Stephanopoulos: Brian Ross’s zeal to connect Tea Party to Aurora shooting a ‘mistake made in good faith’
**Written by Doug Powers
The president of ABC News and George Stephanopoulos have both given what can be best described as statements of regret regarding the so-called “mistake” made by Brian Ross that was in fact one of the most egregious examples of preconceived media malpractice in recent memory. First up, the head of ABC News:
ABC News opened its TCA press conference here Thursday with boasts of “Good Morning America” beating “Today” in recent ratings. Then came the apologies.
Ben Sherwood, president of ABC News, addressed the on-air mistake by reporter Brian Ross, in which Ross suggested the alleged shooter might be a member of the Tea Party. (Turned out it was another person by the same name.)
“It was a mistake, we recognized it immediately, owned it immediately, Brian has reached out personally to the individual in Aurora. We have learned from it as an organization. I know that moment did not live up to the standards and practices of ABC News. The news division knows how displeased I am about it.”
How displeased was Sherwood?
No disciplinary action is planned for Ross.
Now that’s displeased! It’s a good thing Sherwood didn’t go from displeased to furious, or Ross would have had his newsroom coffee privileges suspended for a day.

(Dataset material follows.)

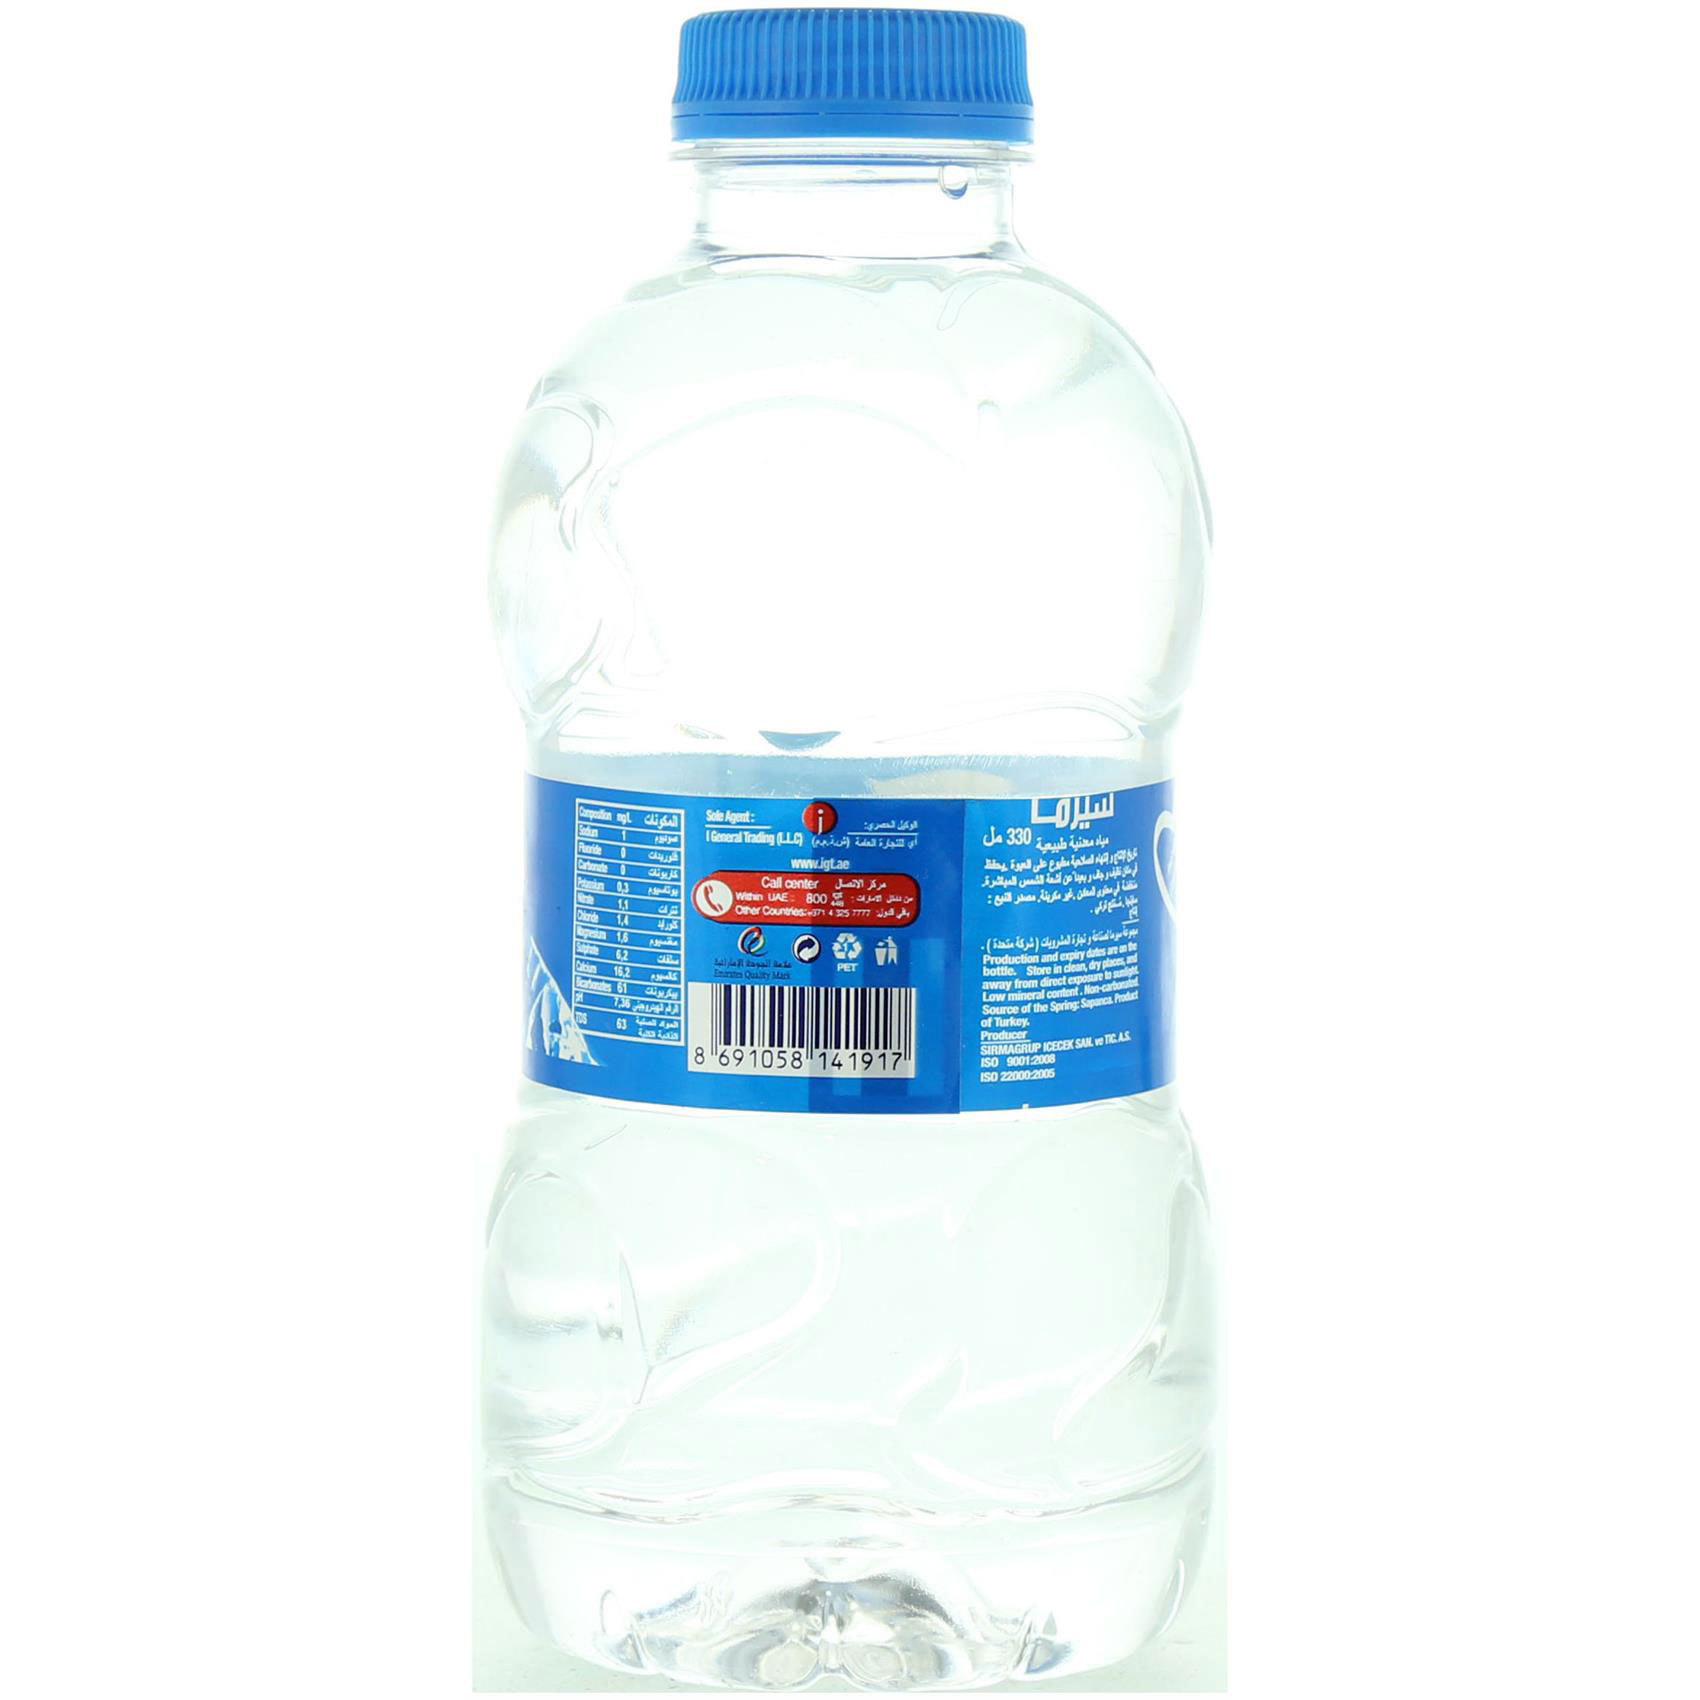 SIRMA SPRING WATER 330ML

Wildly hypothetical question: How fast would Ross have been fired if he’d have made the same “mistake” except the person he named had been a member of, say, CAIR or GLAAD? He would have been handed a pink slip on the air before the segment ended and faced revocation of his Dan Rather Junior Reporter’s Club membership. But Ross wouldn’t have made that mistake, which is why it was not a mistake — at least not in the “oops” sense of the word.
George Stephanopoulos, who tossed the “has some information that might be significant” softball to Ross that night, said the network did an awesome job of calling themselves out (but only after being mocked by Jon Stewart):
George Stephanopoulos, talking via satellite from New York with the “GMA” team, said there was no political motivation behind the mistake. “I think it was a mistake made in good faith. People are going to make mistakes in breaking news situations. The test of a good news organization is how you correct them, how transparent you are when it happens. By that test, we have succeeded.”
No political motivation? Ross probably found a couple dozen men named “James Holmes” in the area and just happened to pick the one from the Tea Party completely at random. Imagine the odds.